We really loved the rooms here, which compete with those of a modern hotel. Even with the center court hosting the pool and a communal space with walk-up dining options, firepits and patio tables, our room was so well insulated from noise that we were able to tuck in for the night without being disrupted by the nearby activity. We loved all of the connected shops as well for local treasures, especially Metal the Store. Route 66 Diner is just down the road for an authentic road trip dinner and the Albuquerque Botanical Garden is directly across the street for a nice morning constitutional before getting back on the open road.

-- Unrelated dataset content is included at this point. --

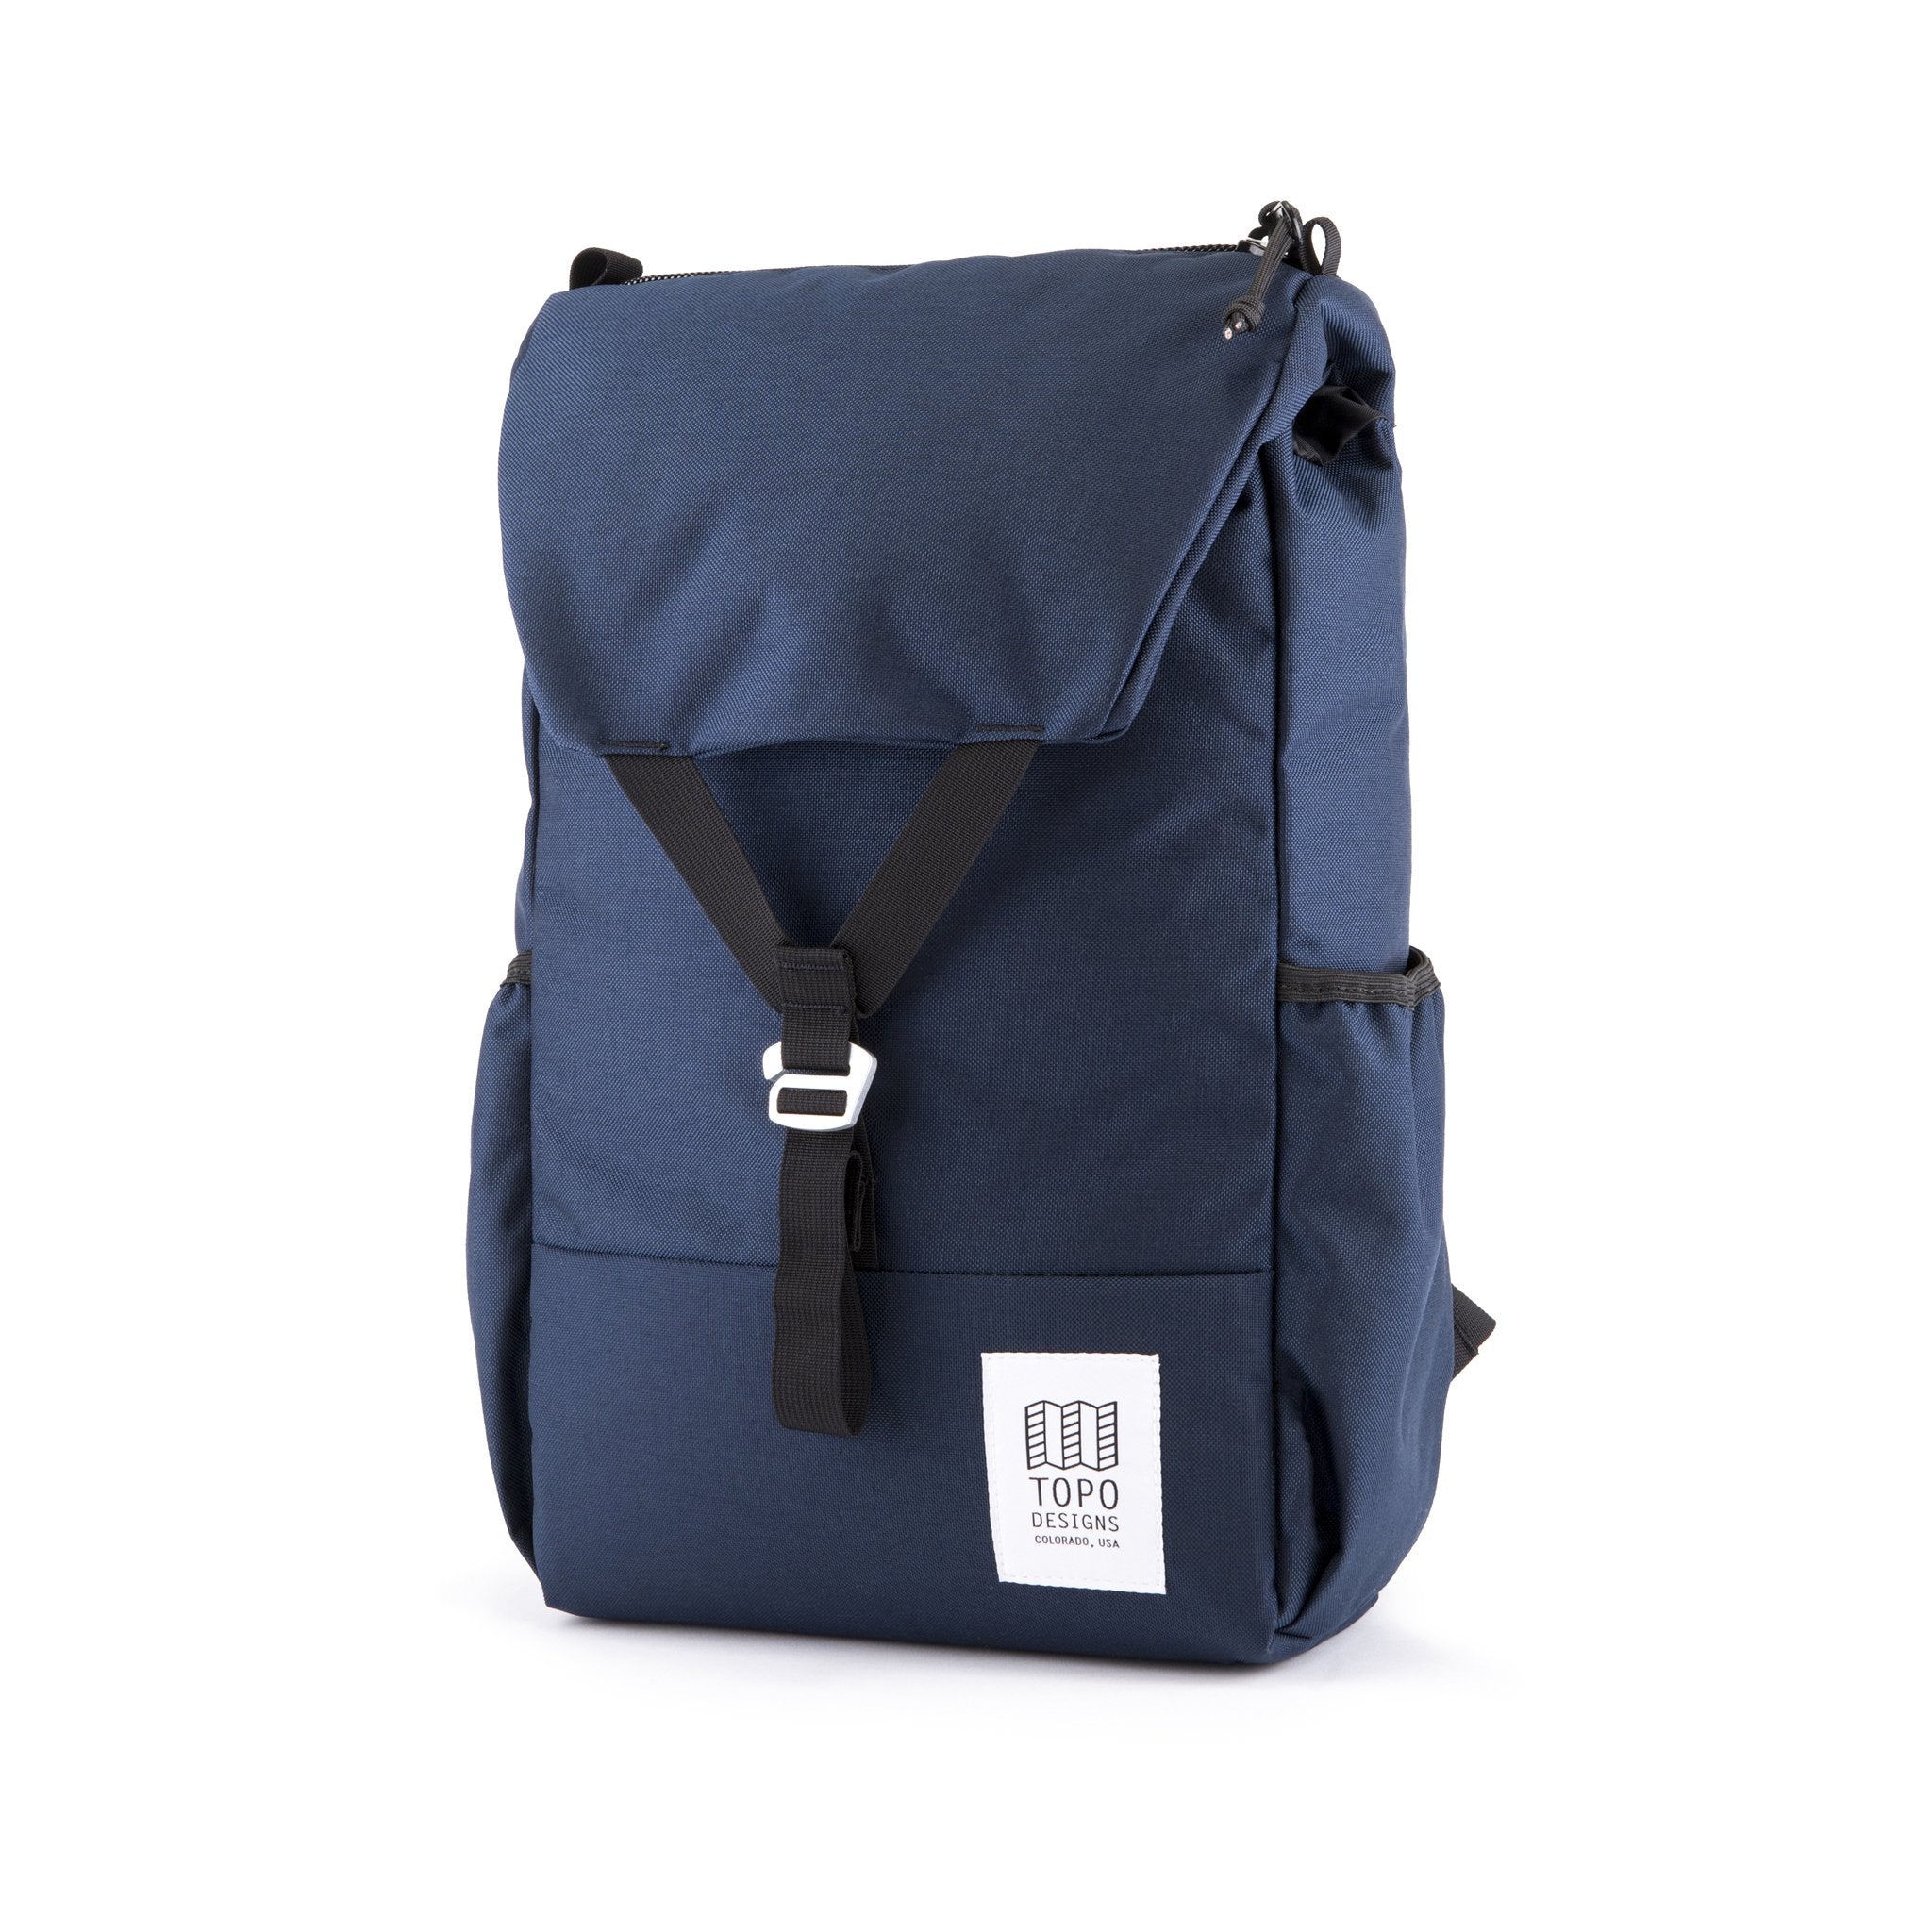 3/4 front product shot of Topo Designs Y-Pack in "navy" blue.

Even though we stayed here over two years ago, my daughter still loves to mention “the hotel made of clay with the best pool.” We can’t wait to be back on the road and in the ABQ area again soon!
Blue Swallow Motel, Tucumcari
This sweet motel seems to be perfectly preserved from the time it was built in 1939, although given how pristine and charming it remains, one can tell it’s been a significant labor of love that’s kept it that way. Any nerves I had about staying in a more remote area while on the road subsided the minute I met the friendly folks here. Now, it’s my preferred place to stop for the night when traveling. The air conditioning really is ice cold.
For a family with just one child in tow, this was such a special and charming place to stay. We loved sitting in our patio chairs taking in the night sky and outdoor neon, the friendly front desk staff and the very memorable twin bed tucked into a cabinet! Make sure to stop in to the perfectly maintained Kix on 66 Diner for breakfast and coffee before getting back on the Mother Road.
El Rey Court, Santa Fe
Designed and built by the same developer as Albuquerque’s El Vado Motel in 1936, the El Rey Court was another original Route 66 stop before the construction of I-40. The gorgeous property has expanded over time to five acres, with a picturesque pool and swim club, greenhouse, lounge and guest rooms of all sizes. There’s even a trendy Mezcal bar in it’s current iteration. We loved our suite with a kitchenette for our stay here when many restaurants were closed due to pandemic safety.
Santa Fe is so much more than a one-night stop, but it always delivers for a great evening when we’re on the road. When it’s safe to do-so, we love visiting Meow Wolf. Lunch at Museum Hill Cafe is a perfect primer before visiting the Museum of International Folk Art, where you can see the impact of Alexander Girard on the local arts culture beyond his design influence you’ll see at El Rey.
Red Cliffs Lodge, Moab
It’s a little over-the-top to list this gorgeous working ranch on the Colorado River as a “roadside motel,” to be sure, but the long history of this property, from welcoming guests traveling to the beautiful nearby Arches National Park to filming some of the best-known films of the Western movie era, qualifies it as a top vintage stay.
We loved the spacious rooms, morning breakfast on the river and, above all else, the back patios of the guest suites that opened to a greenbelt of grazing ponies (!!). The pristine pool beats the summer heat with a backdrop of canyons. We can’t wait to come back here for at least a week of full recreation with their horseback riding, rafting and gorgeous grounds to explore.
Just thinking about the friendliness, comfort and novelty of these stop-overs makes me want to pack my bags and take a weekend off. Do you have a place you love to stay on the road that feels like home?